Speculative areas of the market such as biotech and solar energy were also hit hard on Friday. Illumina dropped more than 11%, while Enphase Energy fell nearly 5%.

On the earnings front, shares of Under Armour dropped more than 22% after the apparel company missed estimates on the top and bottom lines.
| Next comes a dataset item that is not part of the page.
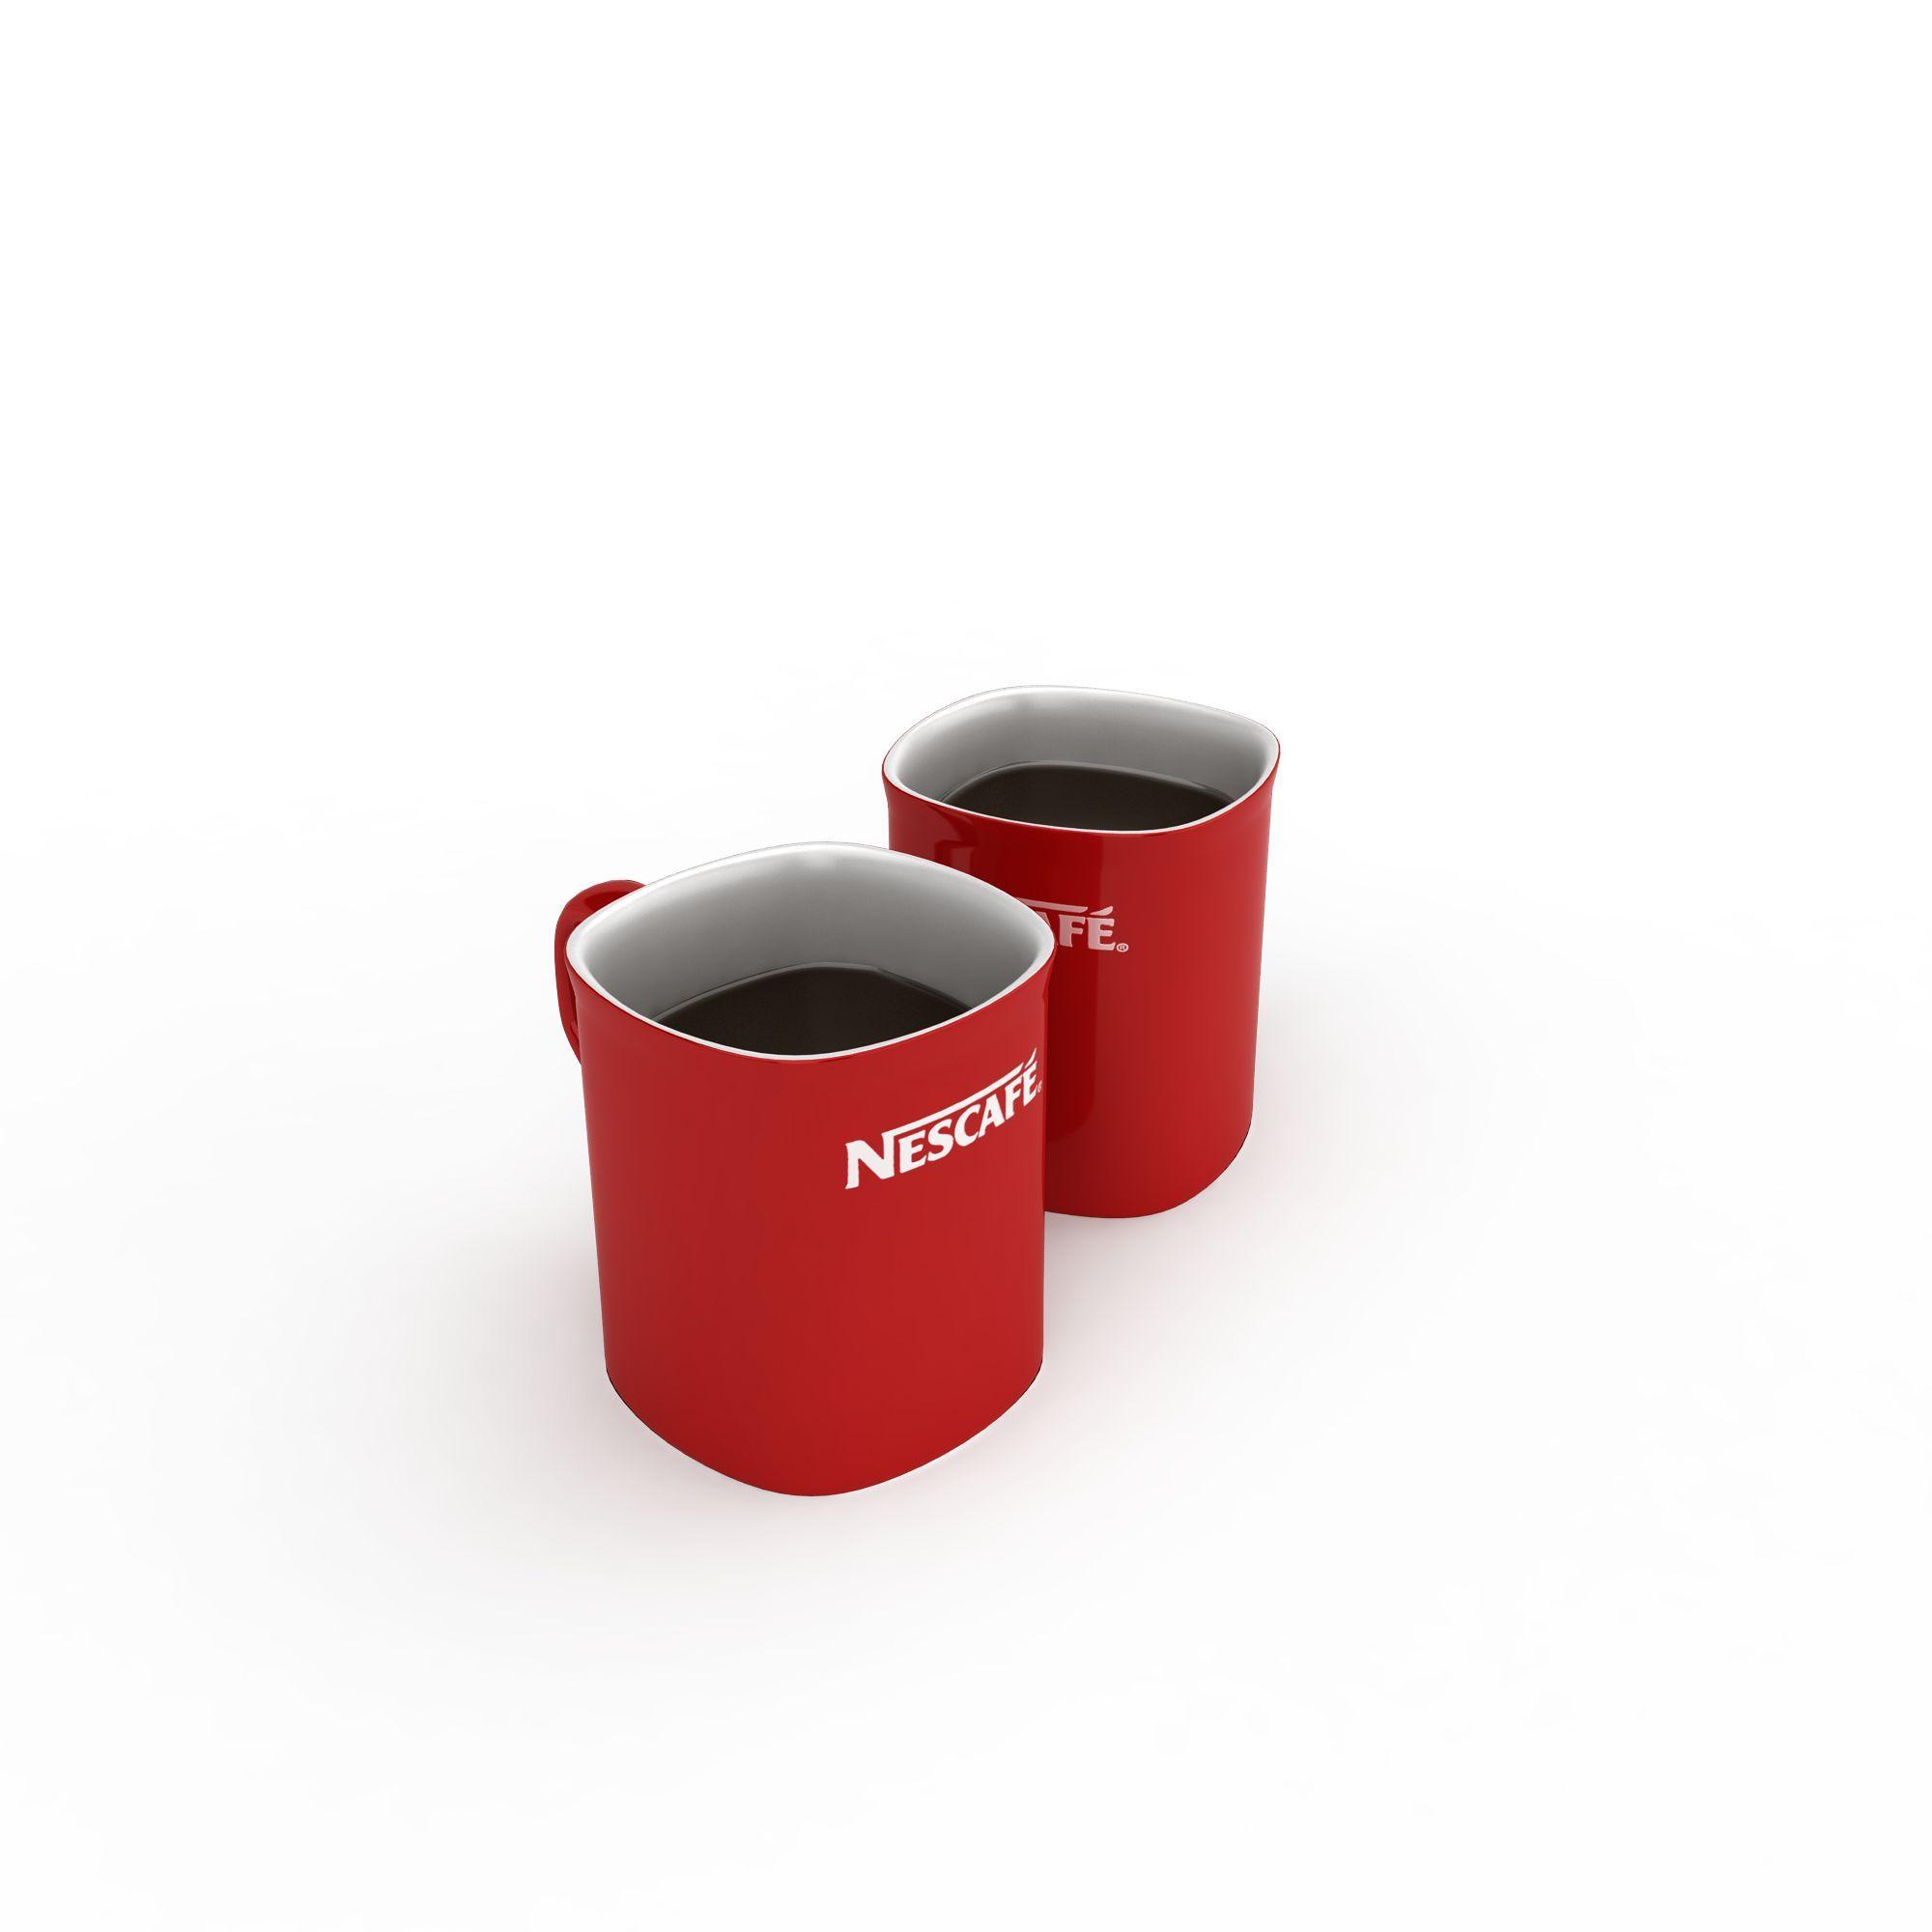 咖啡杯子3d模型 咖啡杯子png高清图  咖啡杯子高清图详情 设计师 3d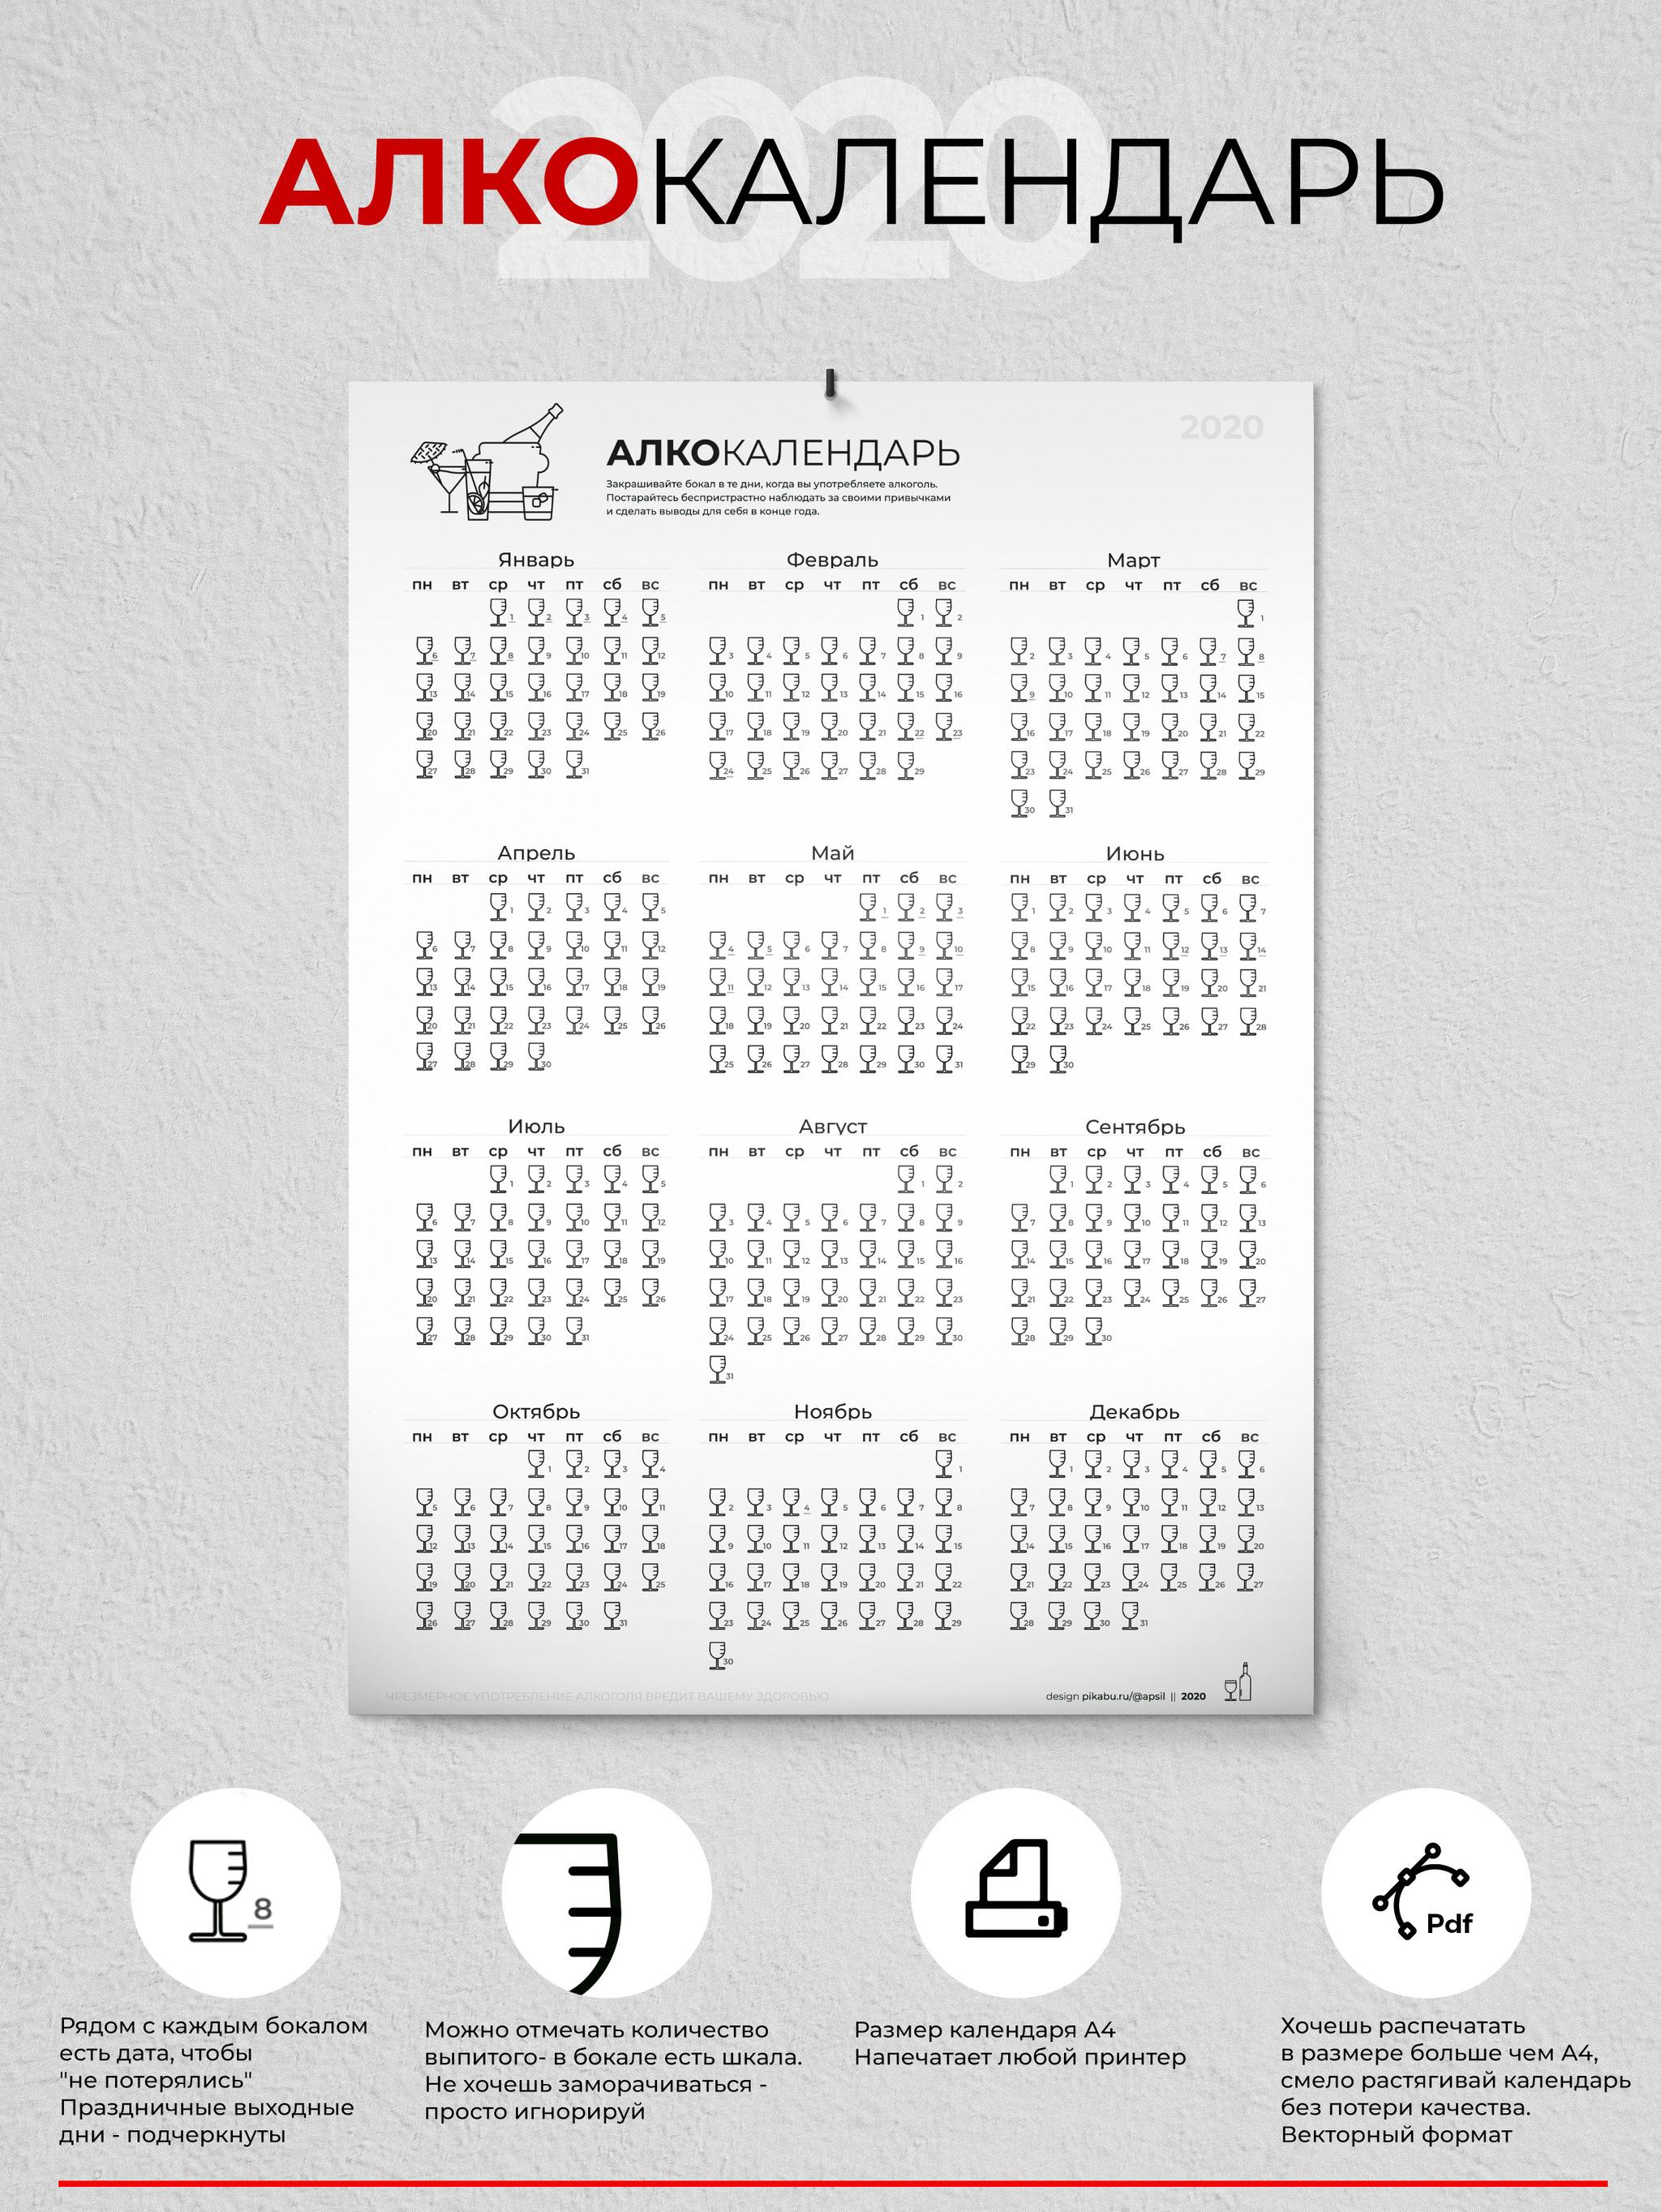 Алко Календарь 2020 pertaining to Calendar 2020 Kuda

That appeared to hurt rival Nike, whose shares dropped more than 6% and weighed on the Dow.

DoorDash tumbled 12% and Block dropped 3% after missing key estimates in their reports.

The losses came despite an April jobs report that showed a gain of 428,000 jobs, more than the 400,000 expected by economists surveyed by Dow Jones.

Treasury prices jumped sharply, with yields falling to 3.09% from Thursday’s 3.03%. Treasury prices and yields move in opposite directions.

Oil prices gained 93 cents to $109.19 U.S. a barrel.

Gold prices took on $8.40 to $1,884.10 U.S. an ounce.